Перед Людочкой мы все забыли. А не красавица! Носик - одно название, лишь бы в графе наименований отметить, что он действительно имеется. Веснушек- что звезд во Млечном пути, и все золотистые, под цвет волос. А уж о прическе и говорить нечего! Солдатам за такой начес два наряда вне очереди дают. Торчат вразнобой вихорчики, и каждый волосок отливает солнцем и просит, чтобы его пригладили.
Мы толклись вокруг Добровых, вышучивали друг друга, выламывались один одного чище. Но Сенечка переплюнул нас всех. Он преподнес Людочке плитку шоколада и, постеснявшись назвать по имени, объявил:
- Это вам, товарищ Доброва. От роты.
Глаза Людочки благодарно блеснули. Нет, не за шоколад!

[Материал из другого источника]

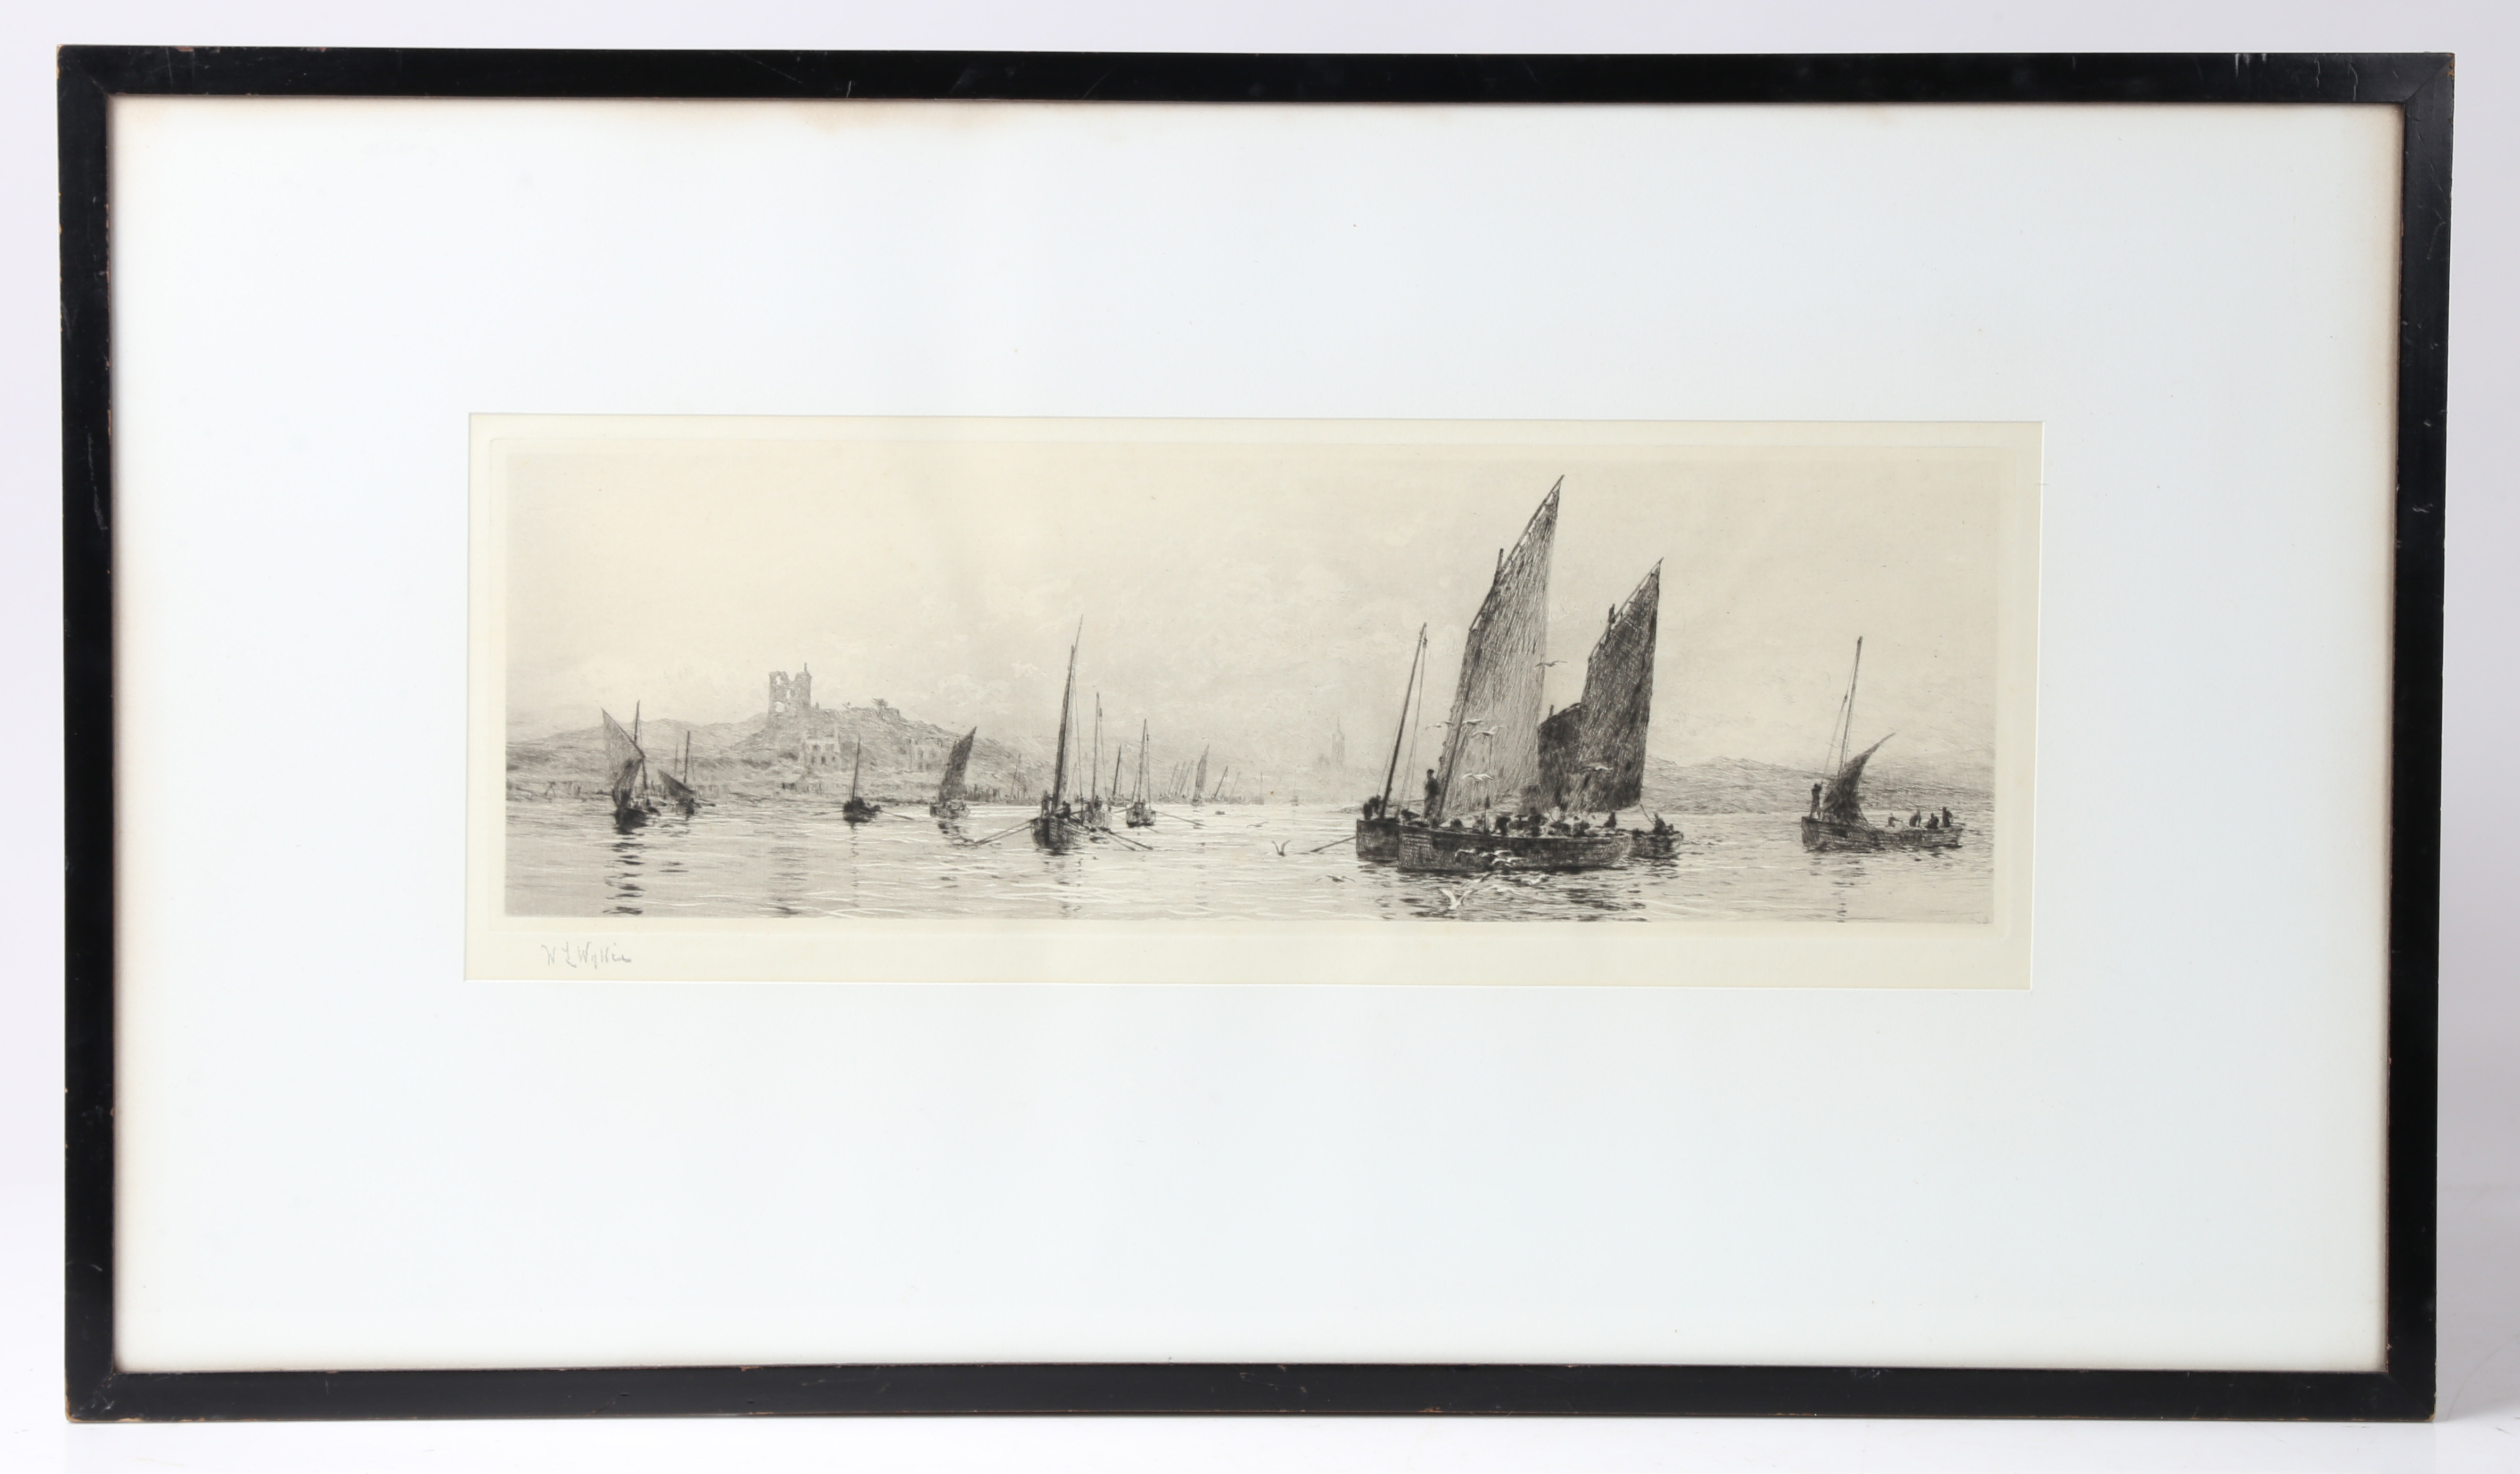 WILLIAM LIONEL WYLLIE, RA, RE, (BRITISH, 1851-1931) "FISHING BOATS IN A BAY".

Она его искрошила на кусочки и каждый получил свою долю. А взглядом она сказала нам о нас же самих что-то такое, что мы с удивлением впервые увидели в себе. И стали взрослее и богаче.

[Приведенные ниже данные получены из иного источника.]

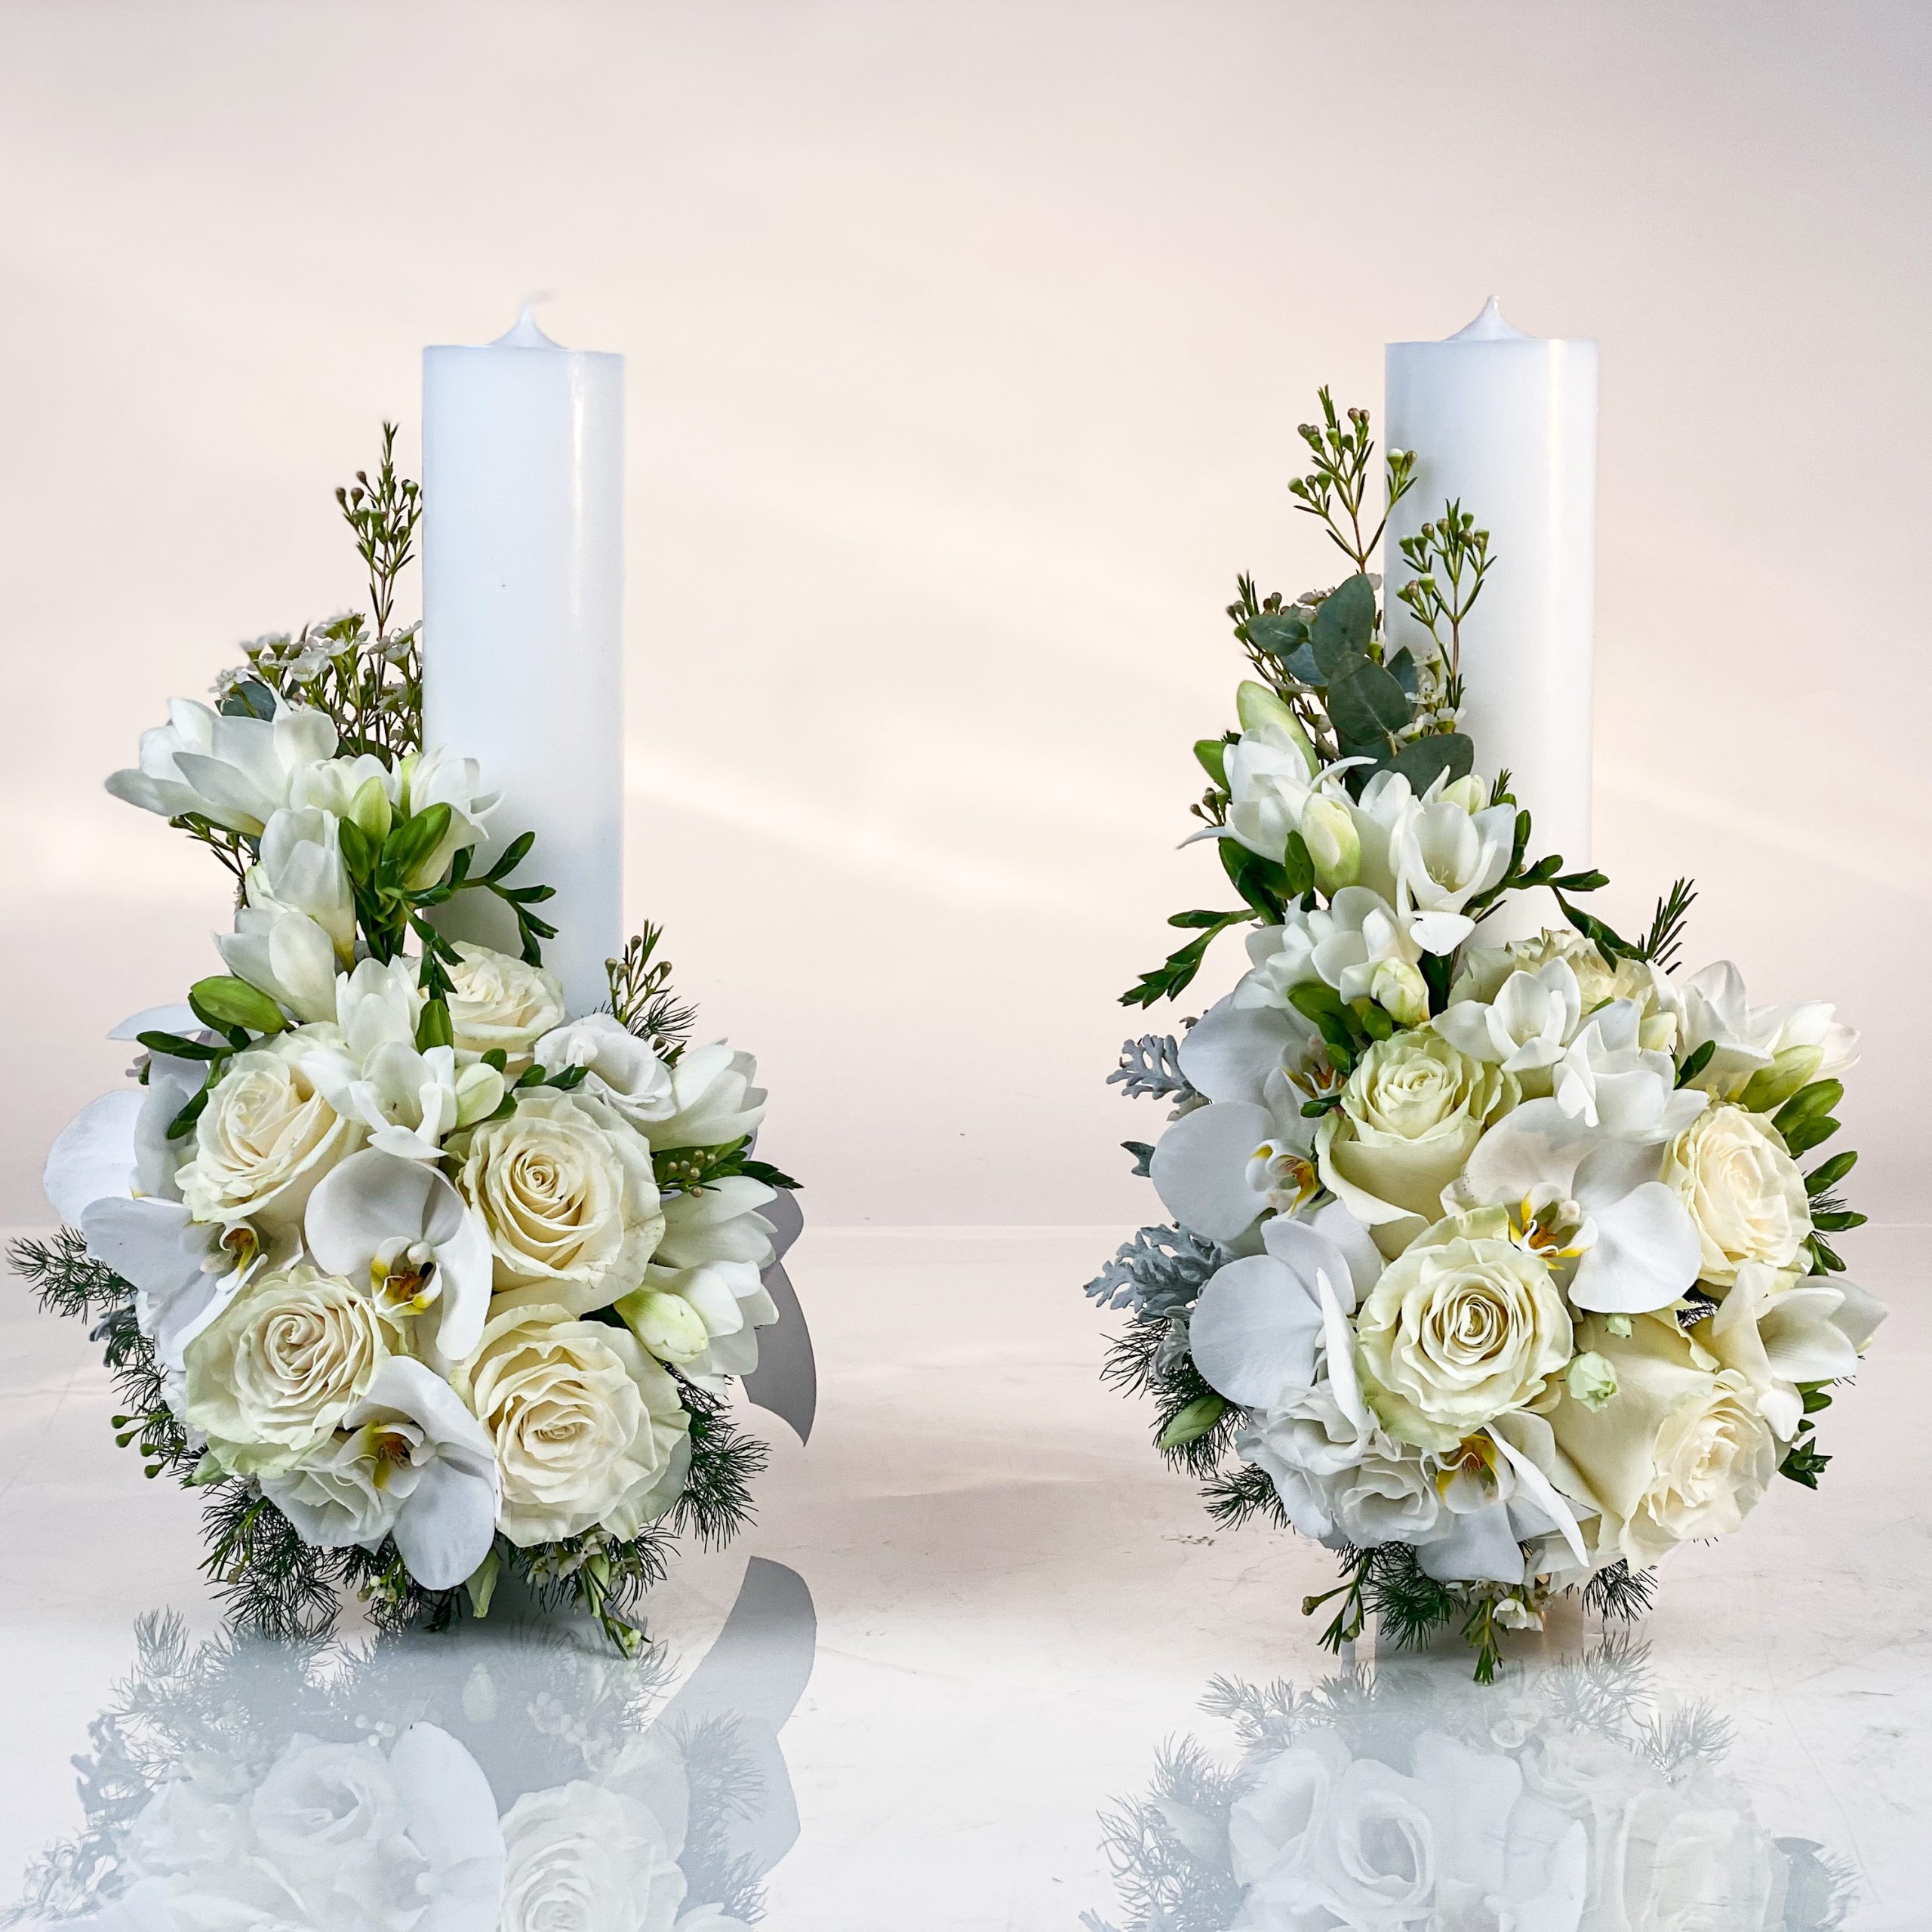 Lumanari de cununie White Wedding cu Phallaenophsis trandafiri si frezii 1 scaled

С большим трудом Женька отделался от нас. Вовка Самохвалов пытался высказаться:
- По данным Парижского дома моделей, средний рост женщины сто пятьдесят семь сантиметров. Объем бедер...

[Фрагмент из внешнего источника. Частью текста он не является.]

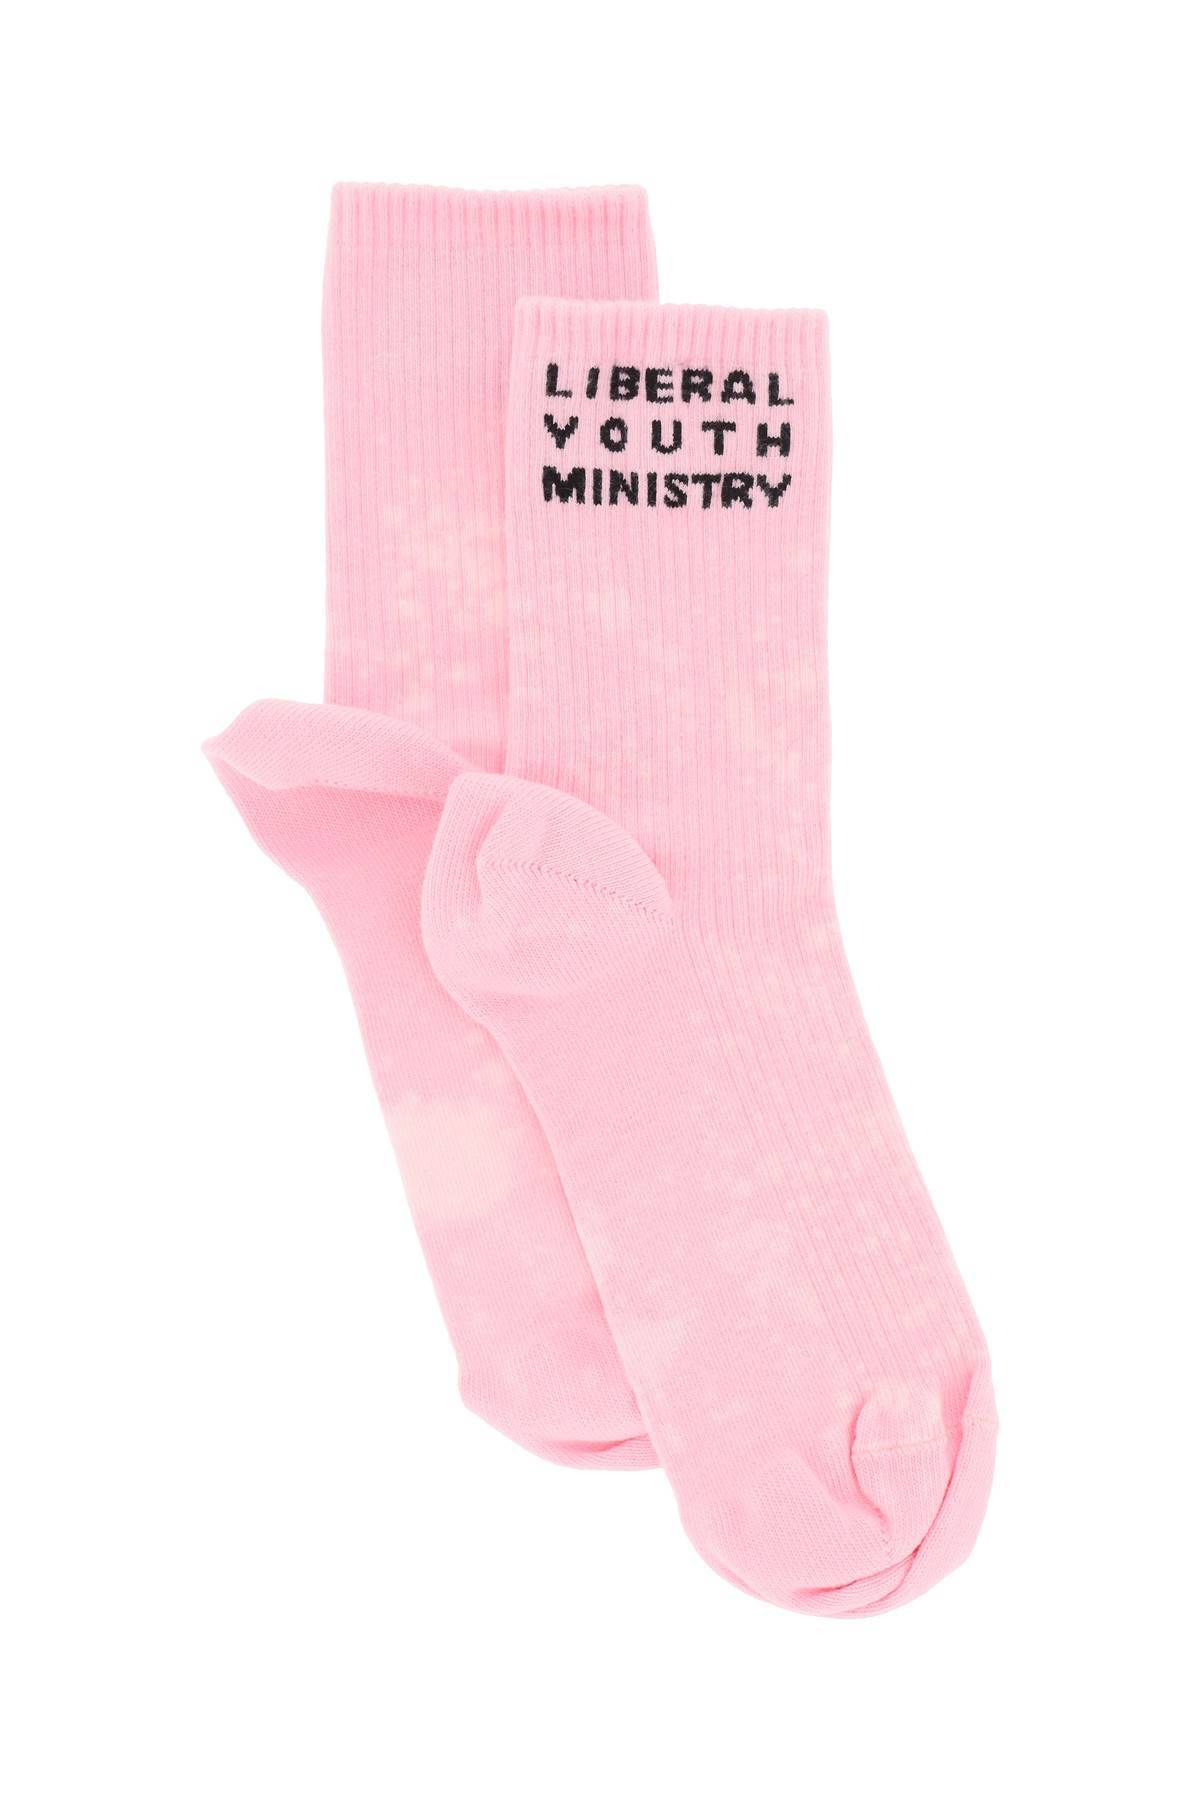 Liberal Youth Ministry LIBERAL YOUTH MINISTRY logo sport socks

Сенечка Пыж подскочил от возмущения:
- Какой глубокий специалист! - кричал он на Вовку. - Неужели ты, одеколонная башка, так и не понял, что есть вещи значительнее дома моделей?
- Отставить дебаты! - вмешался Андрей Косырев. Он был рядовым, но вмешивался всегда вовремя, и его слушались так же, как сержанта Богданова. - Женькина жена - славный парнишка! И точка.
В последующие дни мы часто видели Людочку. В скверике на скамеечке она поджидала мужа. Женькина жена была похожа на приветливый костерчик, возле которого хотелось погреться. Кто-нибудь из нас случайно проходил мимо и останавливался поболтать с семейными людьми.
Людочка запомнила нас по именам и знала, с кем и о чем интереснее говорить.
Вовка Самохвалов красовался перед ней позой и голосом, и мы не пресекали этой самодеятельности. Пусть его, не страшно!
С Сенечкой Люда говорила о взглядах на прекрасное, а мне сказала наедине:
- Саша, вы не пробовали писать? Попробуйте.
И я признался ей в том, что скрывал от всей роты, - признался, что сочиняю стихи. Как она посмотрела на меня! Будто я нашел драгоценный клад и отдал ей половину.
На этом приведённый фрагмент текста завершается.